Agostinho da Silva, um poeta à solta
“Não há liberdade minha, se os outros a não têm.”
Apesar de me considerar
uma pessoa atenta, o meu primeiro contacto com Agostinho da Silva foi através
da televisão - no programa “Conversas Vadias”, transmitido pela RTP1 em 1990,
quando ele já tinha 84 anos. O nome do programa era apelativo e inspirador e de
imediato captou a minha atenção. Este programa estruturava-se numa simples
entrevista a Agostinho da Silva, realizada por várias personalidades a saber, Maria Elisa, Adelino Gomes, Joaquim Letria, Alice Cruz, Baptista Bastos, Herman
José, Miguel Esteves Cardoso, Manuel António Pina, Joaquim Vieira, Maria Isabel
Barreno, Cáceres Monteiro e Fernando Alves. Totalizaram treze entrevistas. Estas
sessões televisivas tornaram-se imediatamente populares, devido à actualidade daquilo
que partilhava esta singular figura e do seu pensamento.
Quem era o estranho individuo
que todos queriam entrevistar e só eram seleccionados entrevistadores de
gabarito, personalidades conhecidas do meio artístico, literário e académico,
nacional, que só eles já despertariam o interesse aos telespectadores?
George Agostinho
Baptista da Silva, nasceu na freguesia de Bonfim, na cidade do Porto a 13 de
Fevereiro de 1906, foi um filósofo, pedagogo, poeta e ensaísta português.

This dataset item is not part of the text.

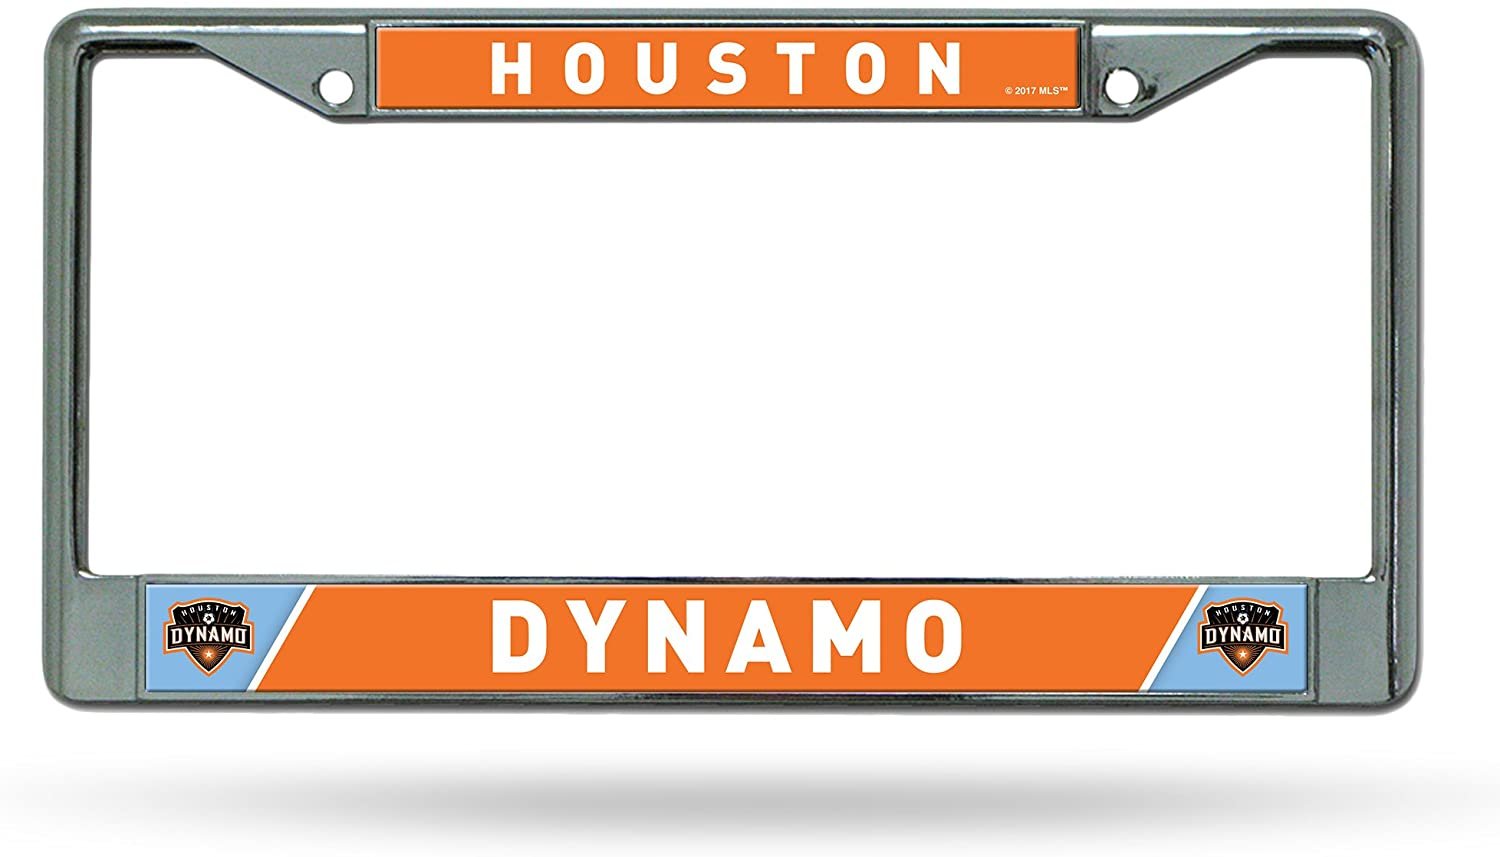 Houston Dynamo MLS Premium Metal License License Plate Frame Chrome Tag Cover, 12x6 Inch

Apontado como um dos grandes pensadores portugueses do século XX, conhecido pelas
suas reflexões sobre a educação, a liberdade e a identidade cultural.
Realizou um percurso
académico notável e excepcional, Agostinho da Silva concluiu a licenciatura em
Filologia Clássica, na Faculdade de Letras da Universidade do Porto, com 22
anos e o doutoramento com 23, ambos com 20 valores. Esteve em Paris como
bolseiro onde, desenvolveu estudos na Sorbonne e no Collège de France. Foi colaborador
da revista Seara Nova até 1938, conferindo-lhe um “péssimo currículo” para
trabalhar no ensino superior, durante o Estado Novo; foi professor no ensino
secundário em Aveiro, até ao ano de 1935, altura em que foi demitido do ensino
oficial por se recusar a assinar a Lei Cabral, que obrigava todos os
funcionários públicos a declararem por escrito, que não participavam em
organizações secretas (e como tal subversivas). No mesmo ano, conseguiu uma
bolsa do Ministério das Relações Exteriores de Espanha e foi estudar para o
Centro de Estudos Históricos de Madrid. Em 1936 regressou a Portugal por estar
eminente a Guerra Civil Espanhola.
Foi preso pela polícia
política em 1943, ficando 18 dias no Aljube e obrigado a residência fixa. Em
1944, Agostinho da Silva imigrou para a América do Sul, naturalizou-se
brasileiro em 1959 e regressou a Portugal em 1969 após a doença e morte de
Salazar e a sua substituição por Marcelo Caetano. Desde essa data, já
aposentado como professor universitário no Brasil, continuou a dedicar-se à
escrita e dirigia paralelamente o Centro de Estudos Latino-Americanos da
Universidade Técnica de Lisboa e desenvolvia consultadoria do actual Instituto
Camões. Em 1992 retomou a nacionalidade portuguesa e faleceu a 4 de Abril 1994.
Este Agostinho da Silva
que conheci pela televisão apresentava-se ancião activo, vestido com
simplicidade e informal, tal como era o seu discurso fluído, mas que emanava
profundo conhecimento erudito sobre o Homem e a sociedade. Ouvi-lo era
desafiante, multidimensional, surpreendente e transformava sempre algo em nós –
hoje dir-se-ia que era um grande “influencer”. A sua personalidade
manifestava-se polifacetada, ousada, acutilante, perspicaz e desconcertante,
por isso atraia ouvintes de todas as idades. Apresentava uma retórica
argumentativa, sabiamente alimentada pela perspicácia e por uma fina ironia,
que inquietava, desafiava e mobiliza para a mudança.
A entrevista,
considerada mais impactante e memorável, é a conversa com Adelino Gomes, sobre
a Liberdade e o Destino, que acabei de rever e motivou-me para a escrita deste
texto, porque continua surpreendente e interessante o seu pensamento sobre a
liberdade, Camões, Padre António Vieira... As entrevistas podem se visionadas
na RTP arquivos e todos deveriam conhecer ou rever.
Uma das suas principais
contribuições filosóficas é a ideia de que a educação deve ser um processo de
libertação e auto-conhecimento, enfatizando a importância do desenvolvimento
integral do ser humano. Ele acreditava que a verdadeira sabedoria vem da
experiência e do diálogo, e não apenas da acumulação de conhecimentos académicos.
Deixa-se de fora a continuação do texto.